# Exel Dateien mit anderem Programm öffnen?



## Cheris (19. November 2004)

Hallo,

ich wollte wissen, ob man abgespeicherte Exel-Dateien mit einem anderen, am besten kostenlosen Programm, öffnen lassen und dann auch noch bearbeiten.

Wenn ihr so ein Programm kennt, wäre es echt nett,wenn ihr mir sagt woher ich es dann bekommen würde.

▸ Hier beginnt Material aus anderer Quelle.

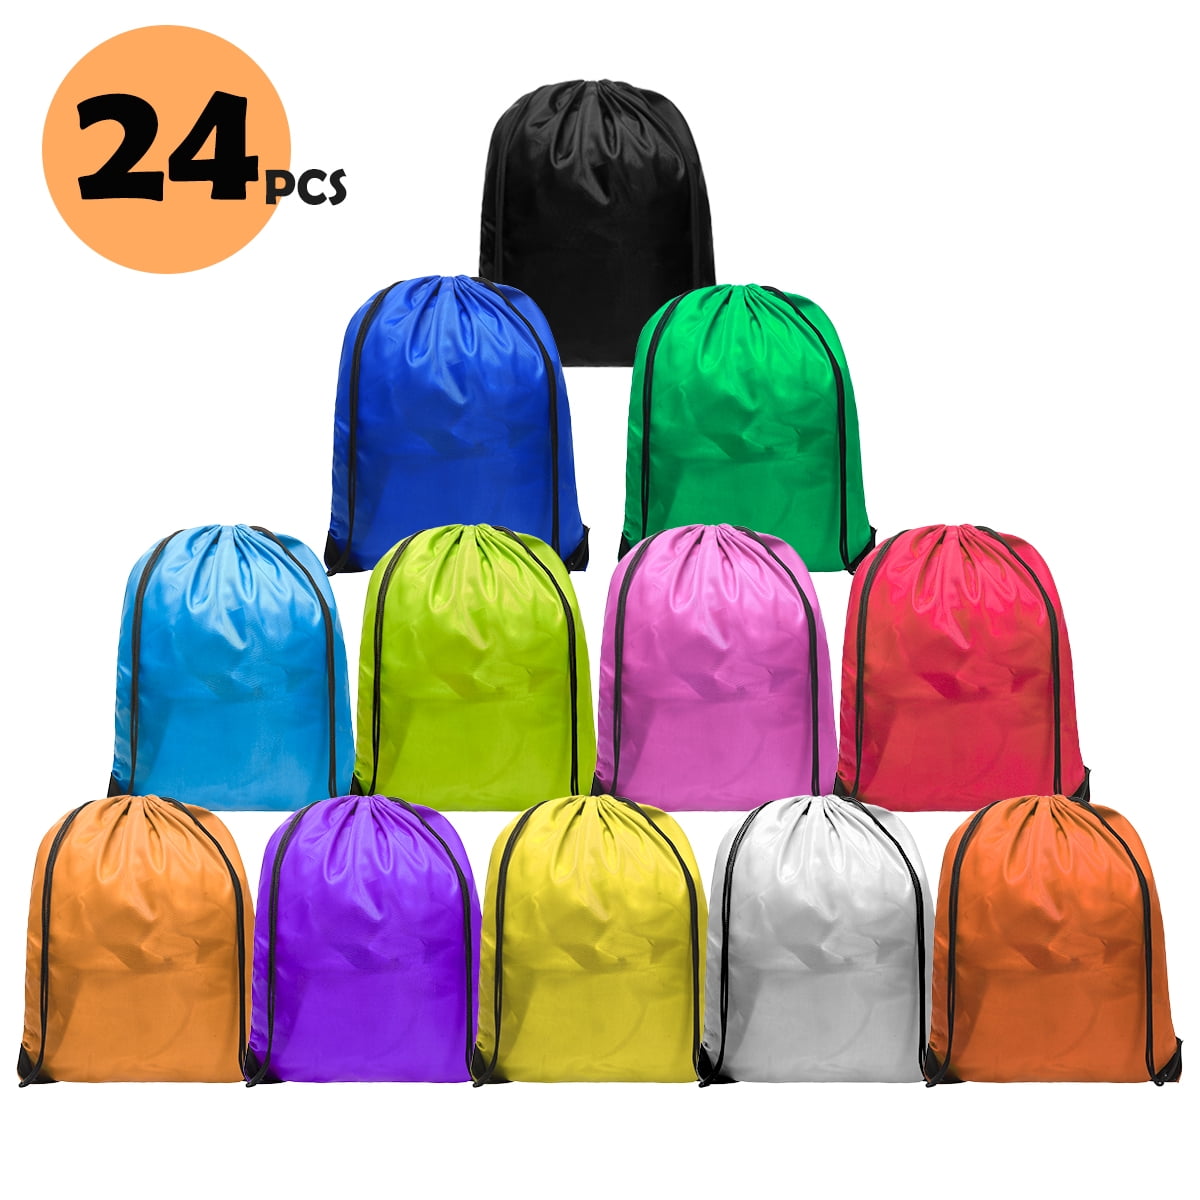 PACK of 5 School Drawstring Book Bag Premium Quality Sport Backpack Gym Dance

Vielen Dank schon im Vorraus


----------



## mobs (19. November 2004)

OpenOffice....

http://www.openoffice.org glaube

Das Programm heisst dann Calculator(?)


----------



## Cheris (19. November 2004)

OK danke werde ich mal probieren


----------



## hela (19. November 2004)

Hallo,
    OpenOffice hat inzwischen auch deutche Web-Seiten: http://de.openoffice.org/ und (was vielleicht noch wichtiger ist) deutsche Anleitungen, ist aber von der Benungsoberfläche MS-Office ziemlich ähnlich, so dass man sich schnell reinfindet. Kurioserweise ist OpenOffice moderner als MS-Office, weil es auf XML basiert und Microsoft will wohl seine nächste Version auch so machen. Bei Golem gibt es einen Haufen Infos zu diesem Thema.


----------



## Cheris (20. November 2004)

Jo vielen Dank, habs mir runter gelanden und komm gut damit zu recht. Echt cool, das alles kostenlos ist.

Vielen Dank für die Infos und Antworten.


----------